Power morcellation: Answers to your safety questions

The Food and Drug Administration (FDA) recently released a statement about power morcellation during hysterectomy and myomectomy (surgery to remove uterine fibroids), raising concerns about these devices spreading unanticipated cancers. There have been several reports in the literature and the press alike of this happening and when it does it significantly worsens the prognosis.  The American Congress of Obstetrician and Gynecologists (ACOG) is now re-exploring this issue. Pending a full review the FDA is discouraging the use of power morcellators for hysterectomy and myomectomy.

Let’s break it down by answering answer three questions:

  1. What is power morcellation?
  2. What is the cancer risk?
  3. When is power morcellation indicated?

What is power morcellation?

Morcellators are medical devices used to quickly chop tissue into tiny pieces so the tissue can be removed through the very small laparoscopic incisions. Think a hand-held blender for tissue. A uterus (ranges in size from slightly smaller than a clenched fist to a couple of kilograms depending on the indication for surgery) or a fibroid any bigger than 1 cm can’t be removed through the typical 1 cm incision used for laparoscopic surgery, so a power morcellator reduces large specimens to tiny bits that can be sucked up and removed through a very small incision. Small incisions means faster recovery and a better cosmetic result.
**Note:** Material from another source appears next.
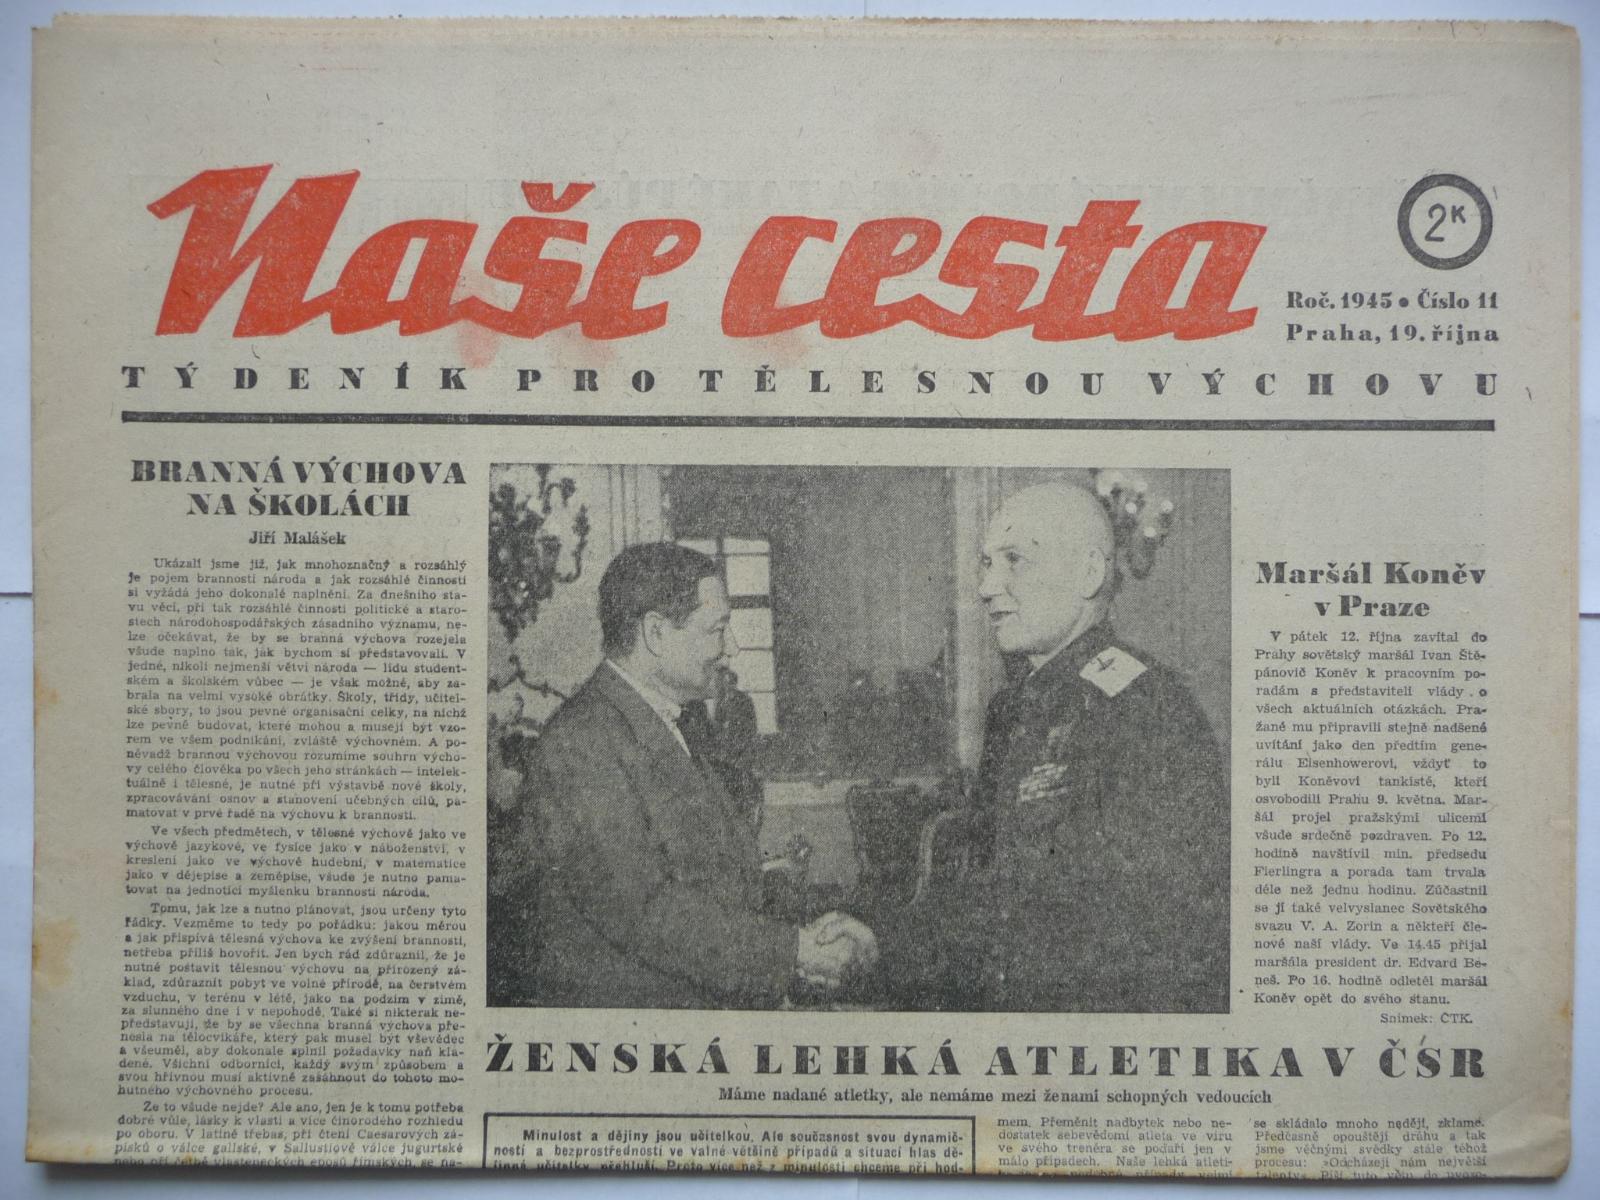 Staré noviny - Naša cesta - číslo 11. z 19. októbra roku 1945 - Knihy a časopisy

What is the cancer risk with power morcellation?

If your surgeon suspects cancer then a power morcellator should never be used, but the problem is cancers are often not suspected and are only found later by the pathologist when she/he evaluates the surgical specimen. With a power morcellator the blended tissue is difficult to evaluate (so a cancer could be missed) and little bits of tissue get everywhere in the belly, which potentially spreads the cancer. The FDA estimates that the risk of having an undetected cancer is 1 in 350 in surgeries where power morcellators are used (which is pretty high). The Society for Gynecologic Oncologists (cancer surgeons) says that risk is 1 in 1,000. Since this is a relatively new procedure we won’t have full data about risks for a while, but suffice it to say that it is at least 1 in 1,000 and very possibly higher.

When is power morcellation indicated?

It is actually almost never indicated, it is simply a fancy way to get a uterus or a uterine fibroid out of the body and there are other methods with excellent outcomes without the cancer spreading risks of power morcellation. For a hysterectomy the best option is always a vaginal hysterectomy, which is removing the uterus entirely through the vagina with no incisions in the abdomen. It the uterus is very large it can be cut in half as it is being removed (this is also called morcellation, but a scalpel is used by hand and there is not believed to be a cancer risk associated with it). ACOG says that vaginal hysterectomy is the procedure of choice. Even quite large uteri can be removed this way.

Why might a gynecologist advise against a vaginal hysterectomy? If they don’t have the skill to do one, if they or you are convinced that you should have a supracervical hysterectomy (hold that thought, more on supracervical hysterectomies in a bit), they suspect a lot of scar tissue making it hard to remove the uterus blindly through the vagina, or if theuterus is really large (think mid-pregnancy size, which is rare but definitely happens).

The minimally invasive alternatives to a vaginal hysterectomy are a laparoscopically assisted vaginal hysterectomy and a laparoscopic supracervical hysterectomy. Most laparoscopic assisted vaginal hysterectomies don’t need power morcellation. A fairly large uterus can be pulled through the vagina and then the top of the vagina is sewn either from above using the laparoscope or below by hand through the vagina. And again, the surgeon can morcellate the uterus from below using a scalpel.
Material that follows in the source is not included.